A cidade é acessível de comboio, através da linha urbana Porto/Marco de Canaveses que, por sua vez, tem ligação à Linha Regional Porto/Régua – Pocinho. Desde a Estação de S. Bento (Porto) até a Vila Meã, demorará cerca de 57 minutos, acrescentando depois mais uns 20 minutos de táxi ou transportes públicos.
Onde dormir em Amarante
OS dois melhores alojamentos da região são o Monverde Wine Experience Hotel (****), a cerca de 7km do centro de Amarante, com parque de estacionamento privado, spa e piscina, e o turismo rural Peso Village (****), que aluga pequenas casas de férias.
Mais próximos do centro histórico de Amarante, encontra os razoáveis Casa das Lérias (***) com vista para o rio e Covelo The Original Rooms and Suites, que possui quartos antialérgicos. Amarante possui ainda um parque de campismo, com espaço para as tradicionais tendas e caravanas, mas também bungalows e tendas glamping.
39 Comentários
Argh, não conheço nenhuma tradição parecida com essa no Brasil. Mas não deixa de ser divertido rsrsrssss…
No mínimo, inusitado, Marta!
Você não conhece pois a igreja proibiu ainda no Brasil colônia pois era muito comum o culto a São Gonçalo nos quais as mulheres rocavam seus corpos pedindo um casamento. A igreja proibiu este culto nas igrejas mas o povo manteve algumas partes deste folguedo e foi assim que o Brasil manteve a roda de São Gonçalo. Foi uma forma da igreja reprimir o desejo e substituiu por Santo Antônio como forma de aplacar os ânimos sexuais que andava solto nas igrejas.
No ceará nordeste brasileiro existe uma cidade chamada são Gonçalo de Amarante. Em homenagem à ele.
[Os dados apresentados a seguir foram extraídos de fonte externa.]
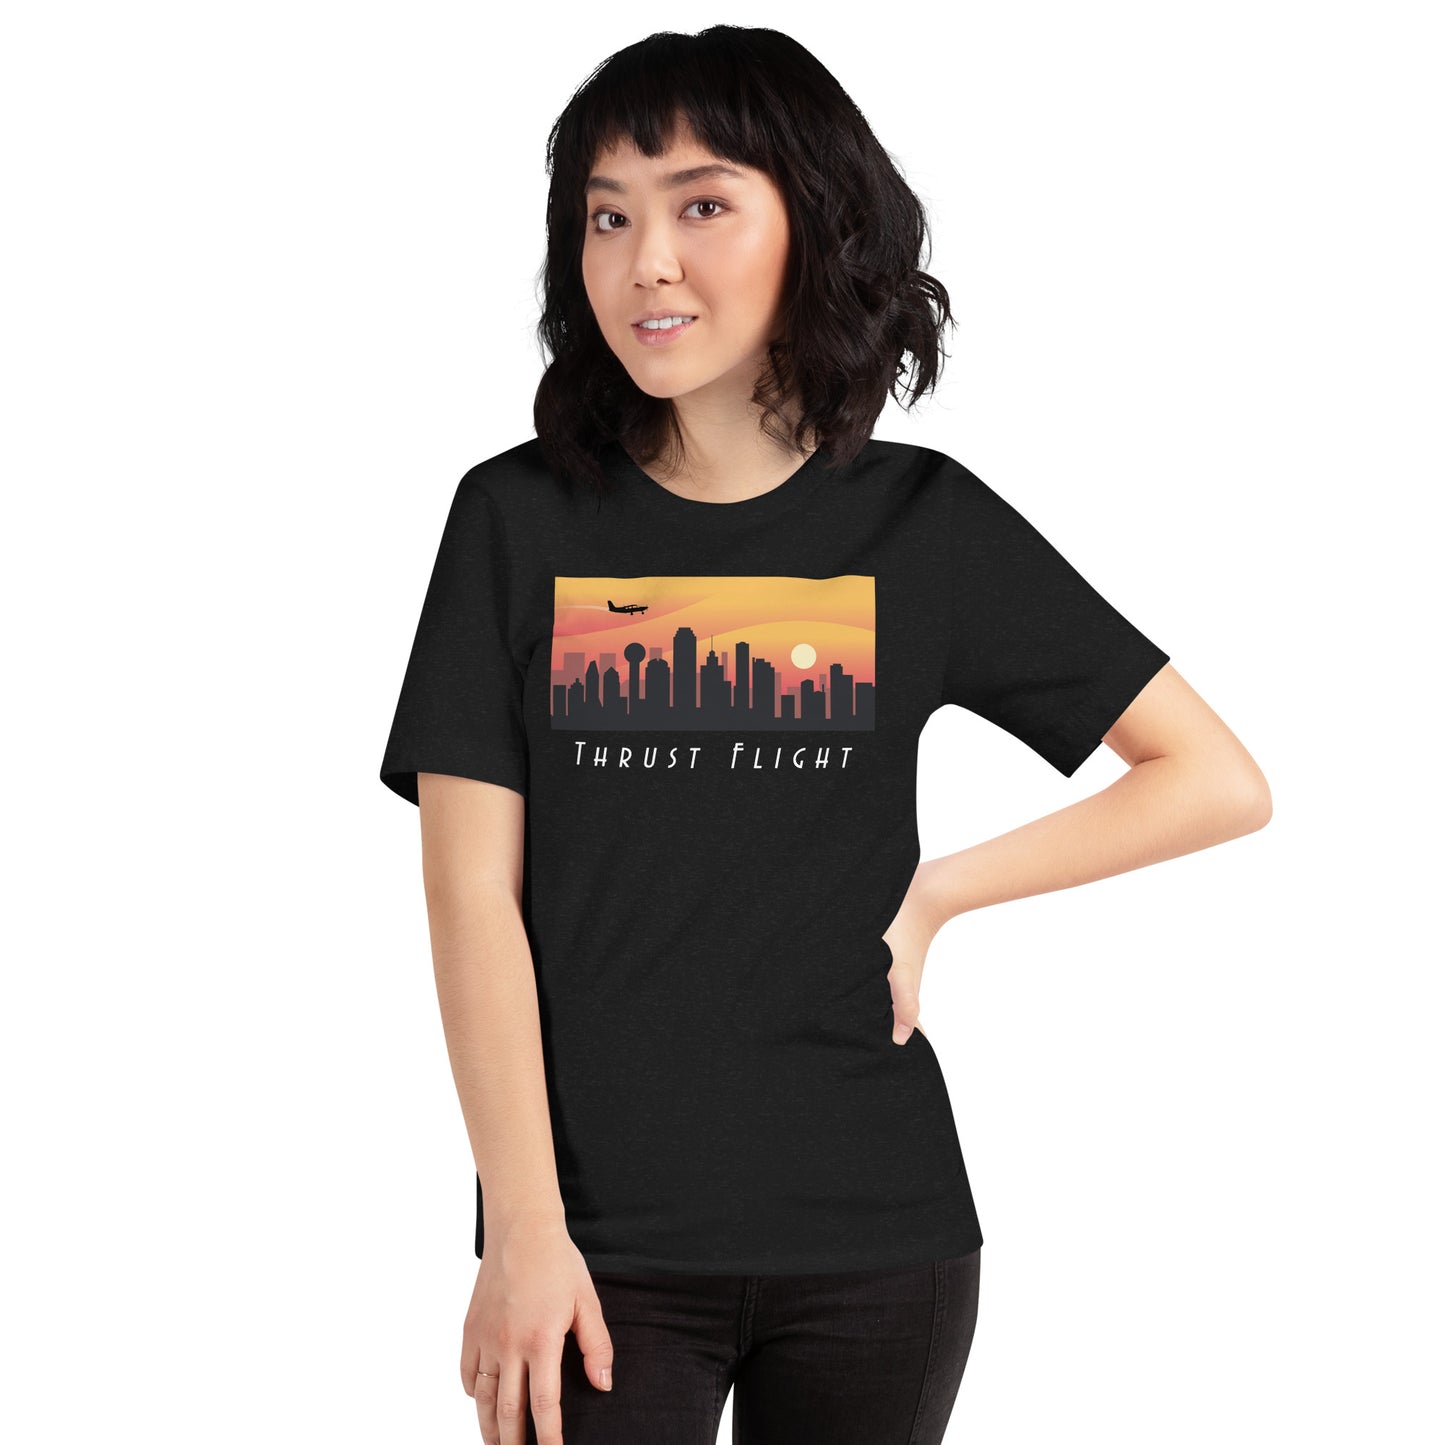 Dallas Skyline T-shirt

Tirando o docinho fálico (que aqui não há) no Brasil há muitas cidades nomeadas São Gonçalo, São Gonçalo do Amarante ou simplesmente Amarante. A do Ceará é São Gonçalo do Amarante. Temos a Dança de Gonçalo e meu pai cantava uma musica que Falava que São Gonçalo casasse as moças soteiras. Quando estive em Portugal, pela primeira vez, fui à Amarante conhecer a Igreja de São Gonçalo. Era solteira, então, e fiz o meu pedido, em silêncio.
Sabendo que a Lúcia teve um casamento longo e feliz, a minha fé no beato aumentou exponencialmente…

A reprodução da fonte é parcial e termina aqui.